→ DATA BELOW:
◇ ◇ ◇ ◇

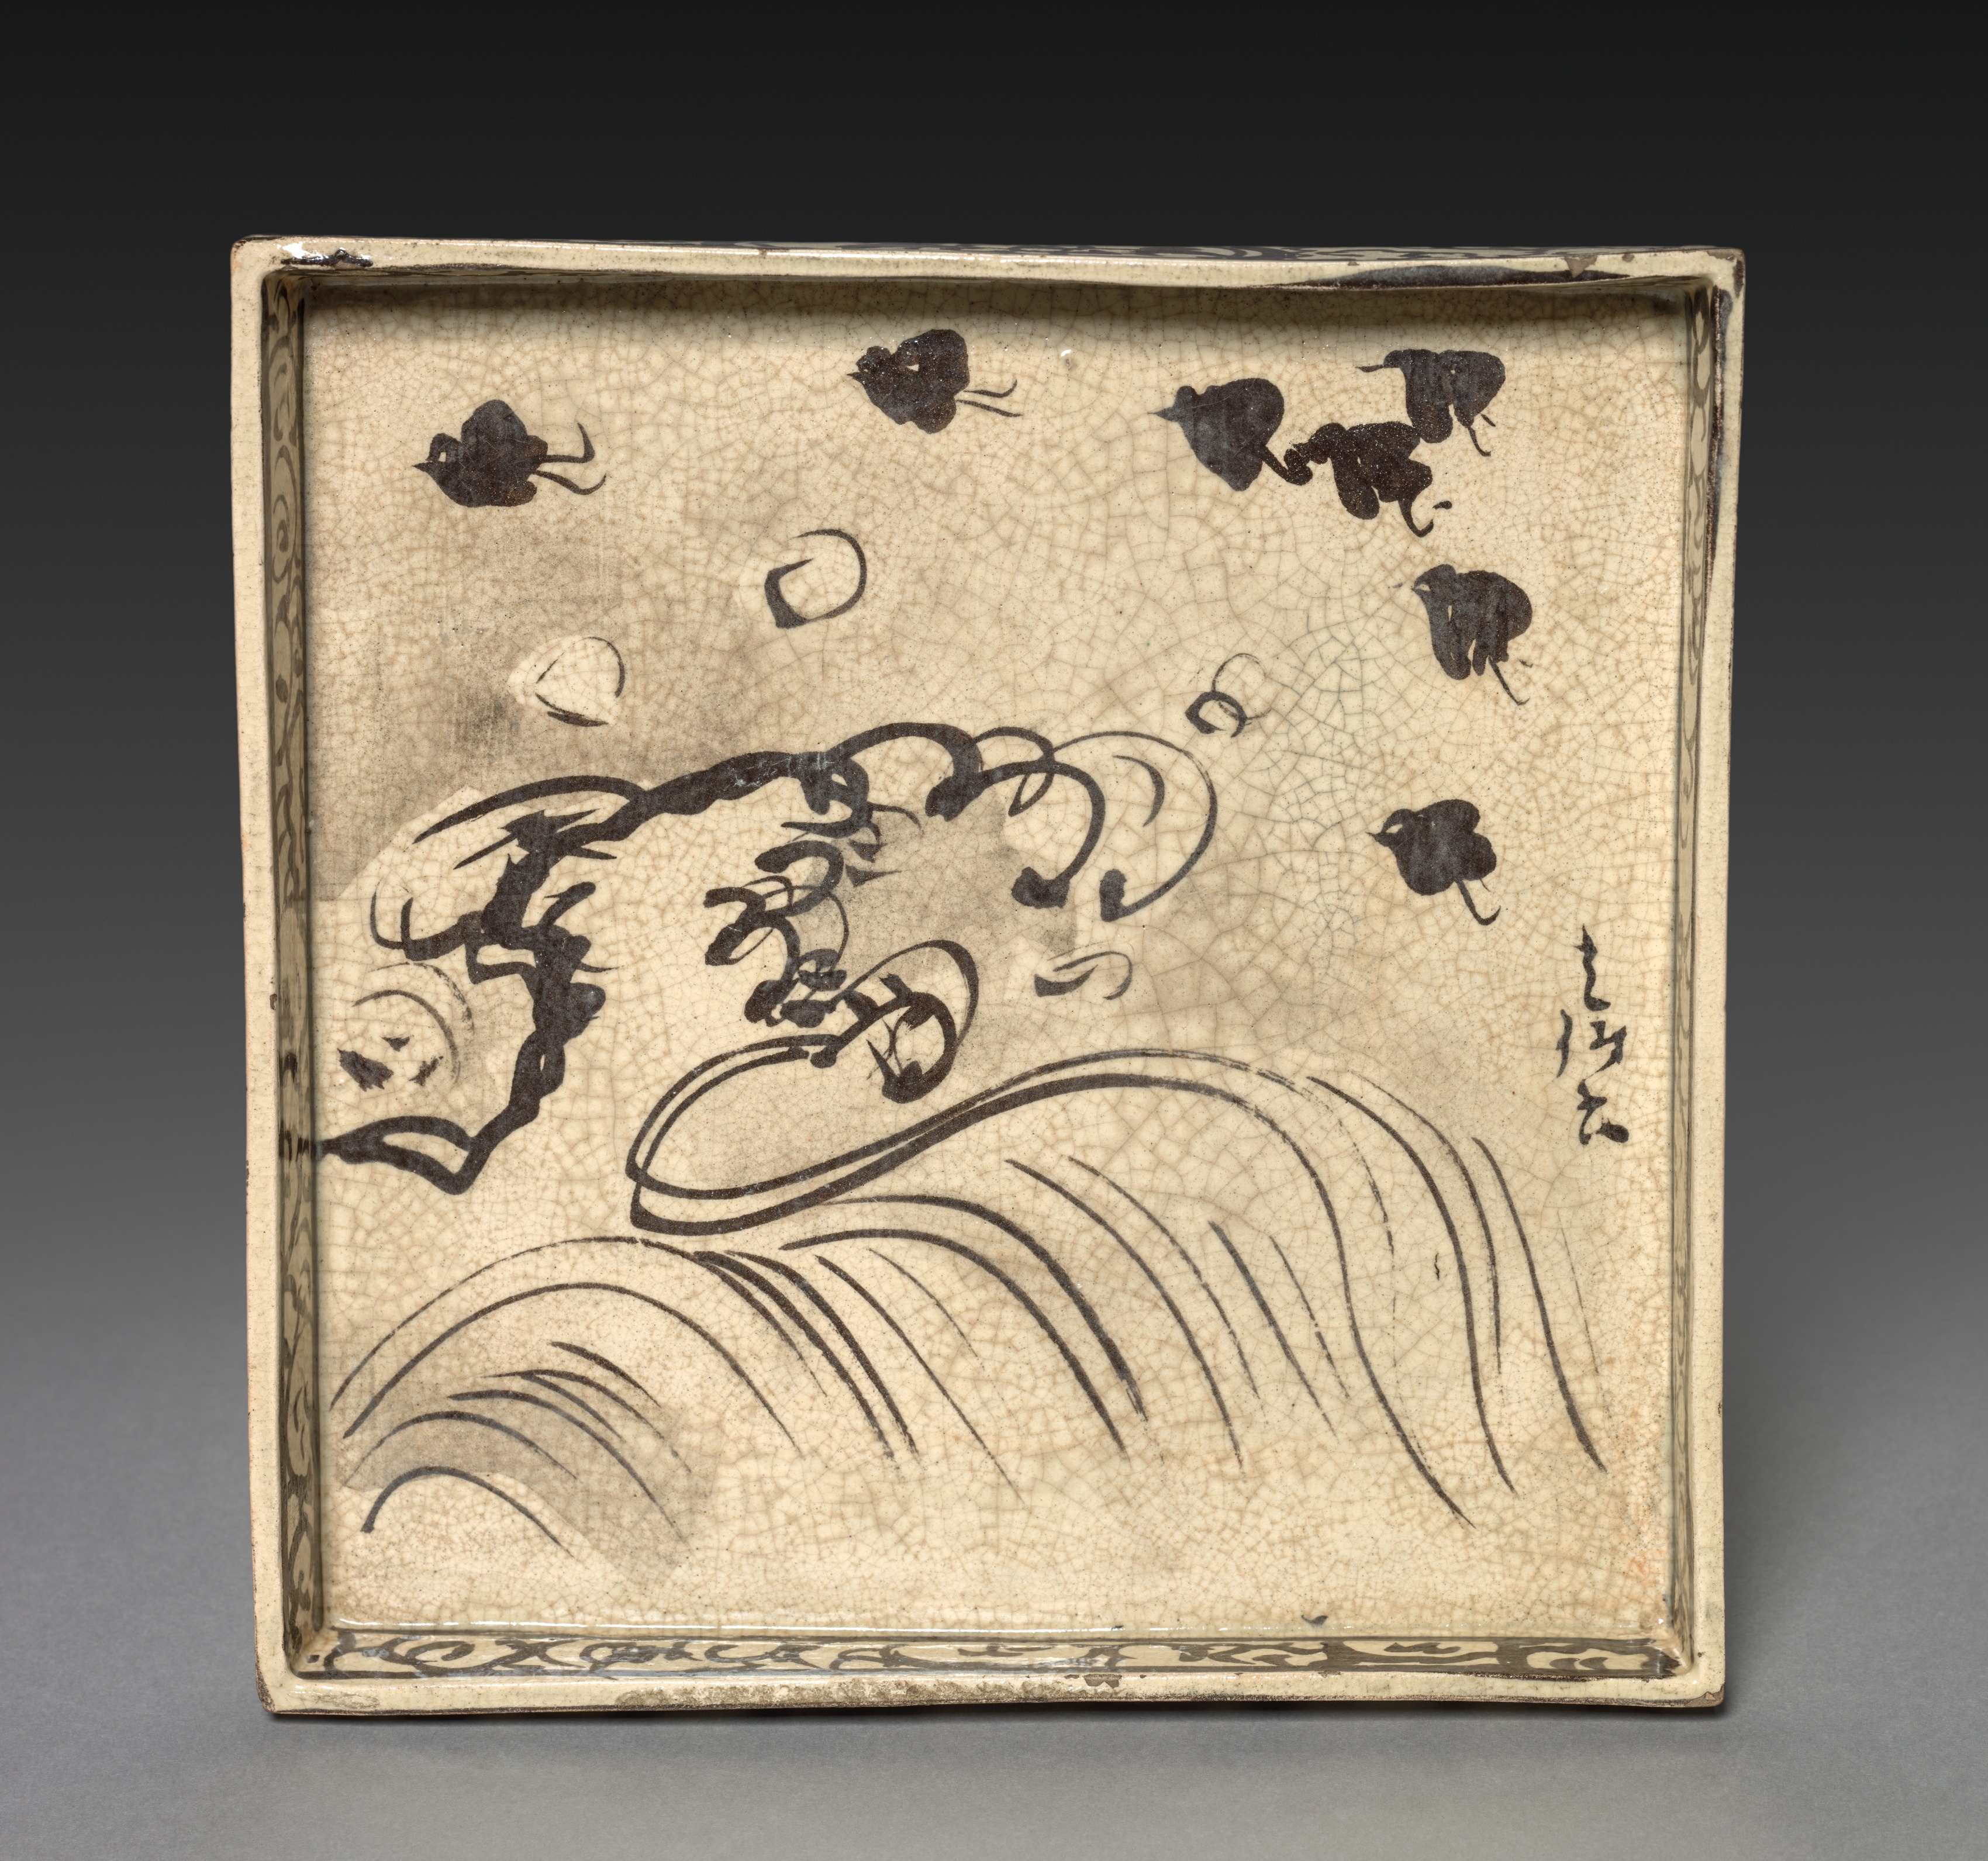 Square Dish with Design of Plovers over Waves | Cleveland Museum 
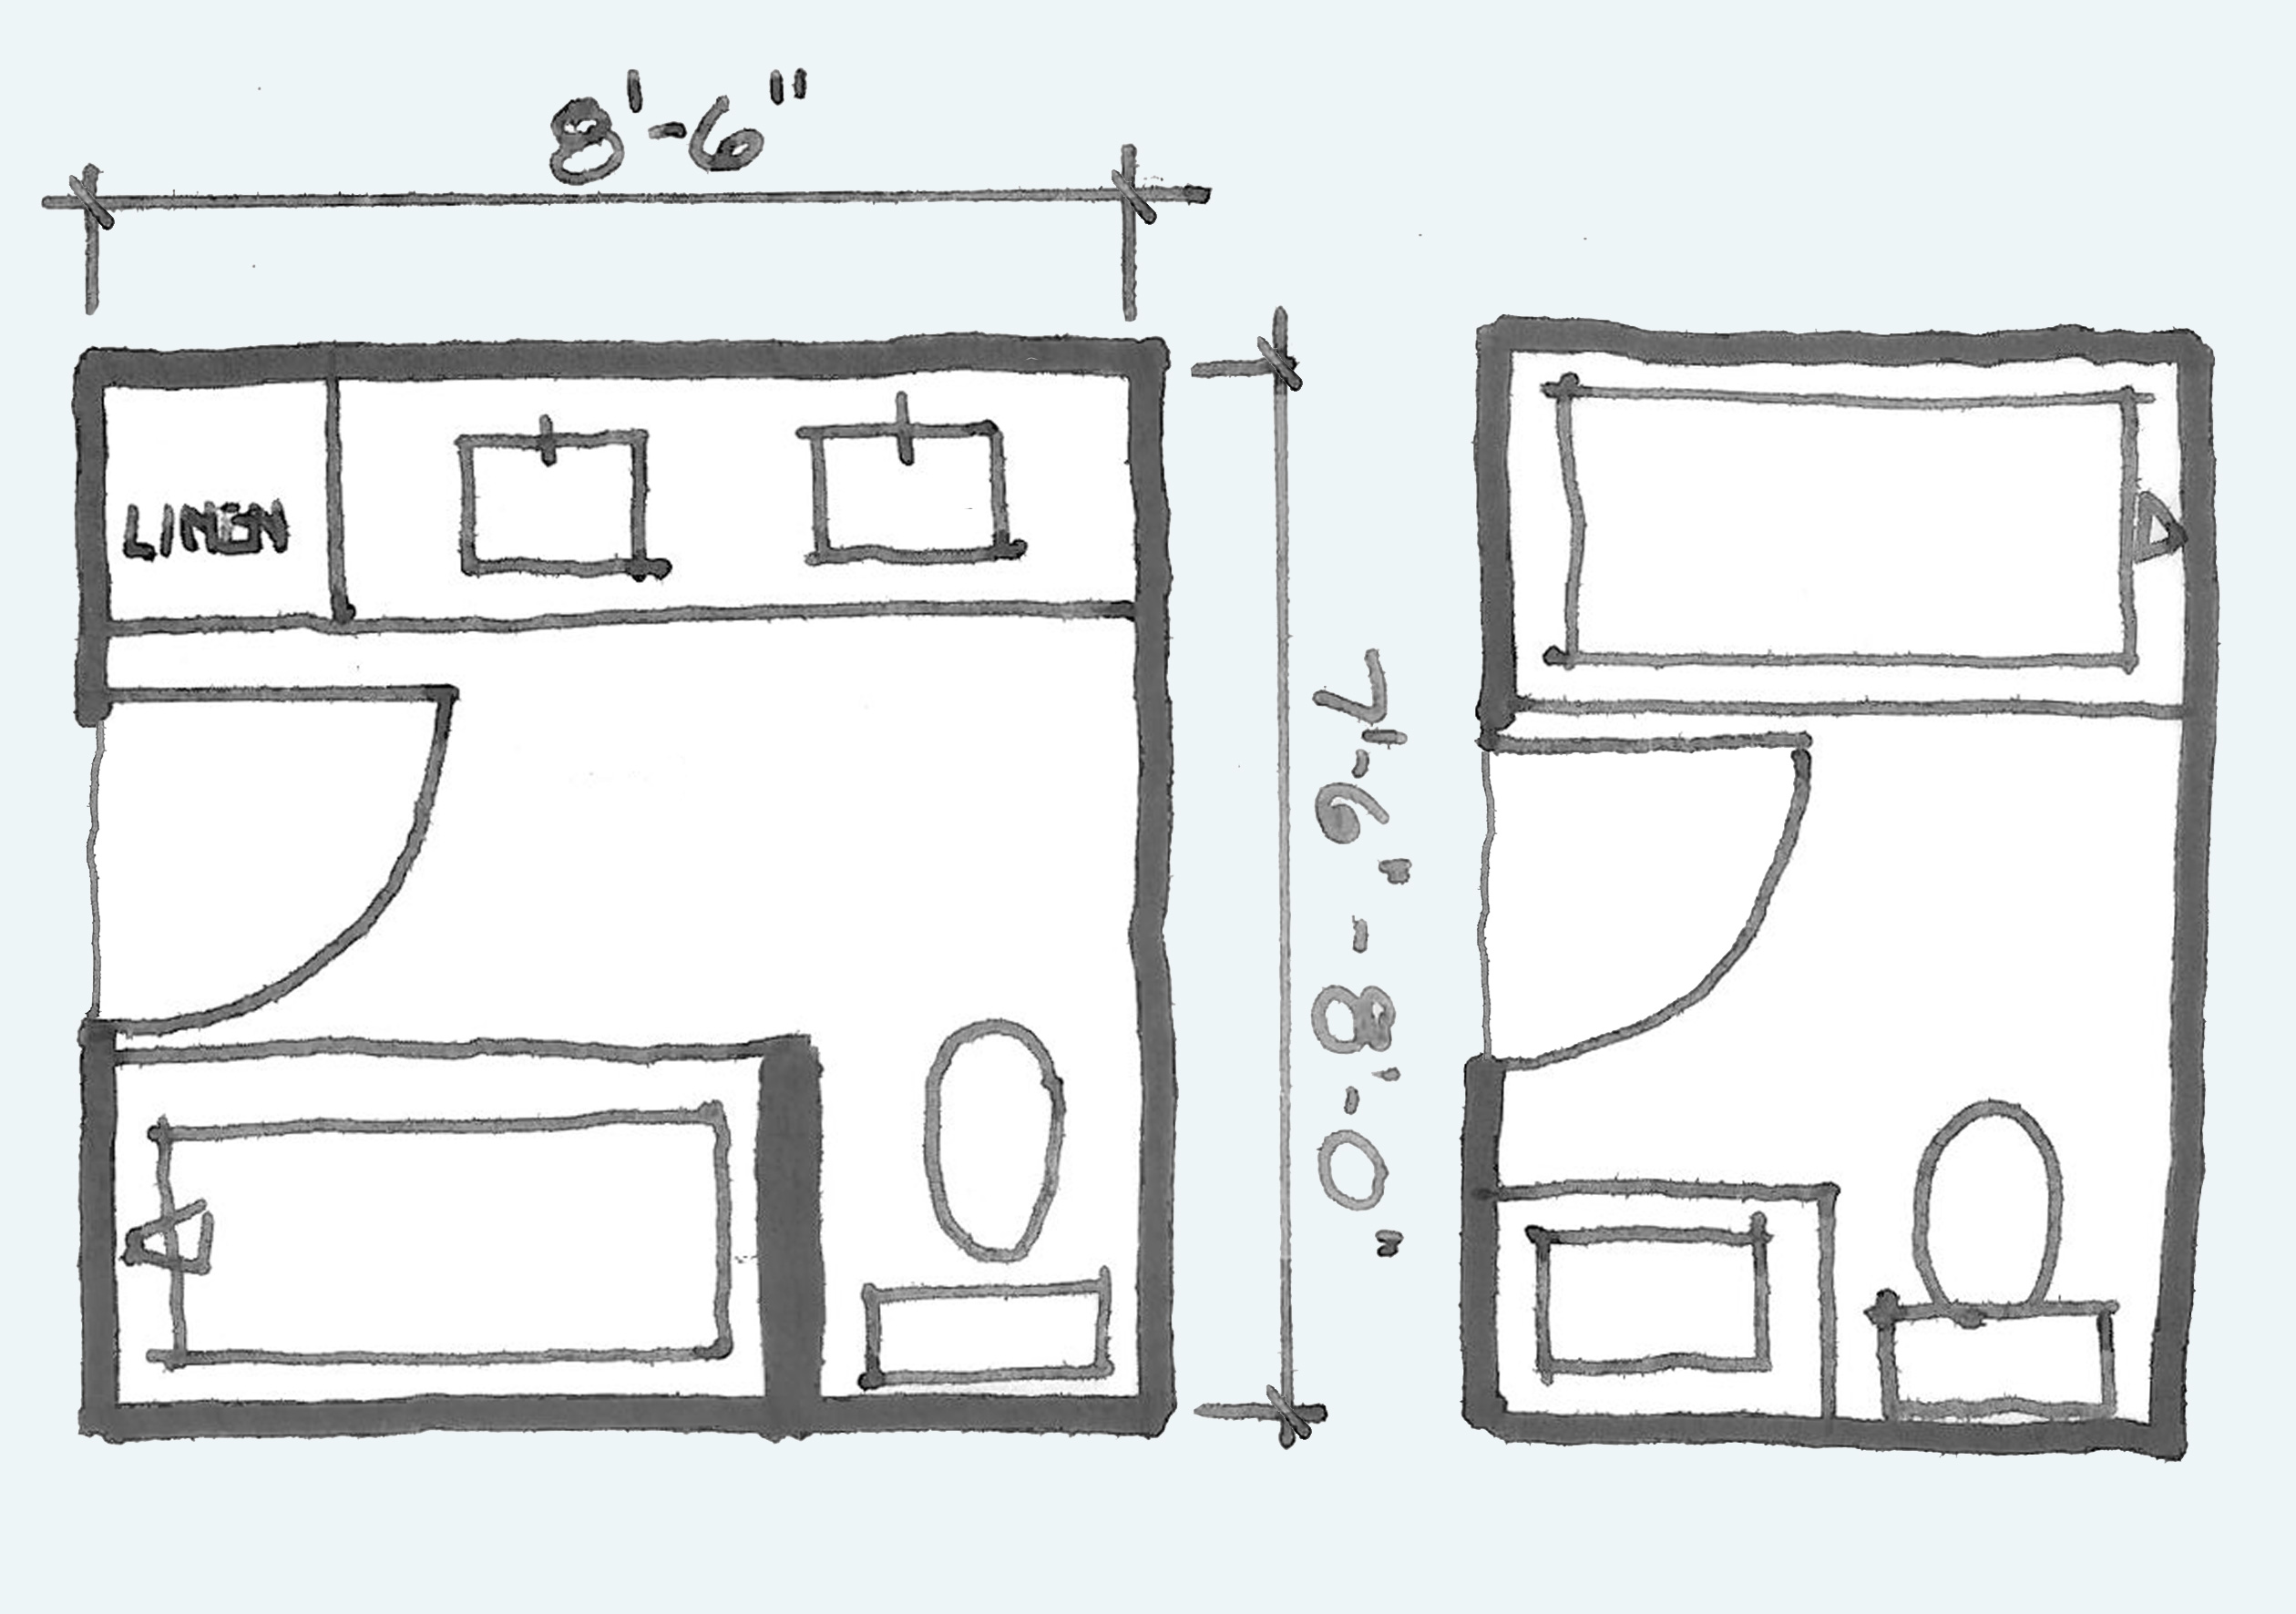 Common Bathroom Floor Plans: Rules of Thumb for Layout - Common Bathroom Floorplans Lesson 3 Alt
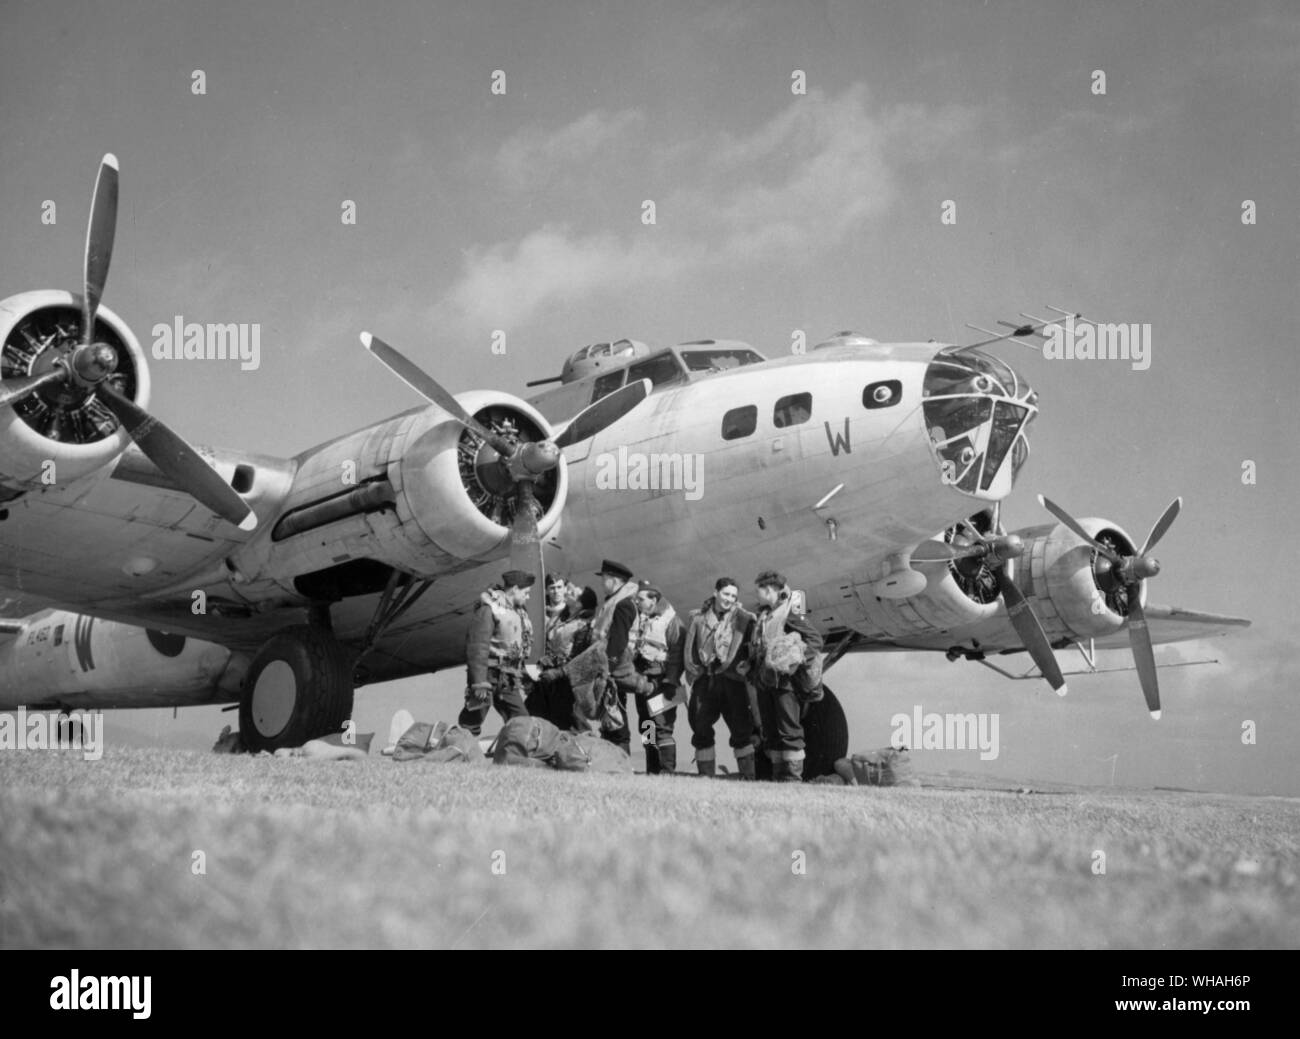 Radar devices on RAF Aircraft. A RAF Coastal Command Flying Fortress with Radar equipment extending from the nose and beneath the wings Stock Photo

◇ ◇ ◇ ◇

Reproduce the opening lines of the material above exactly, ending with the line that contains "Common Bathroom Floor Plans: Rules". Omit every picture.

 Square Dish with Design of Plovers over Waves | Cleveland Museum 
 Common Bathroom Floor Plans: Rules of Thumb for Layout - Common Bathroom Floorplans Lesson 3 Alt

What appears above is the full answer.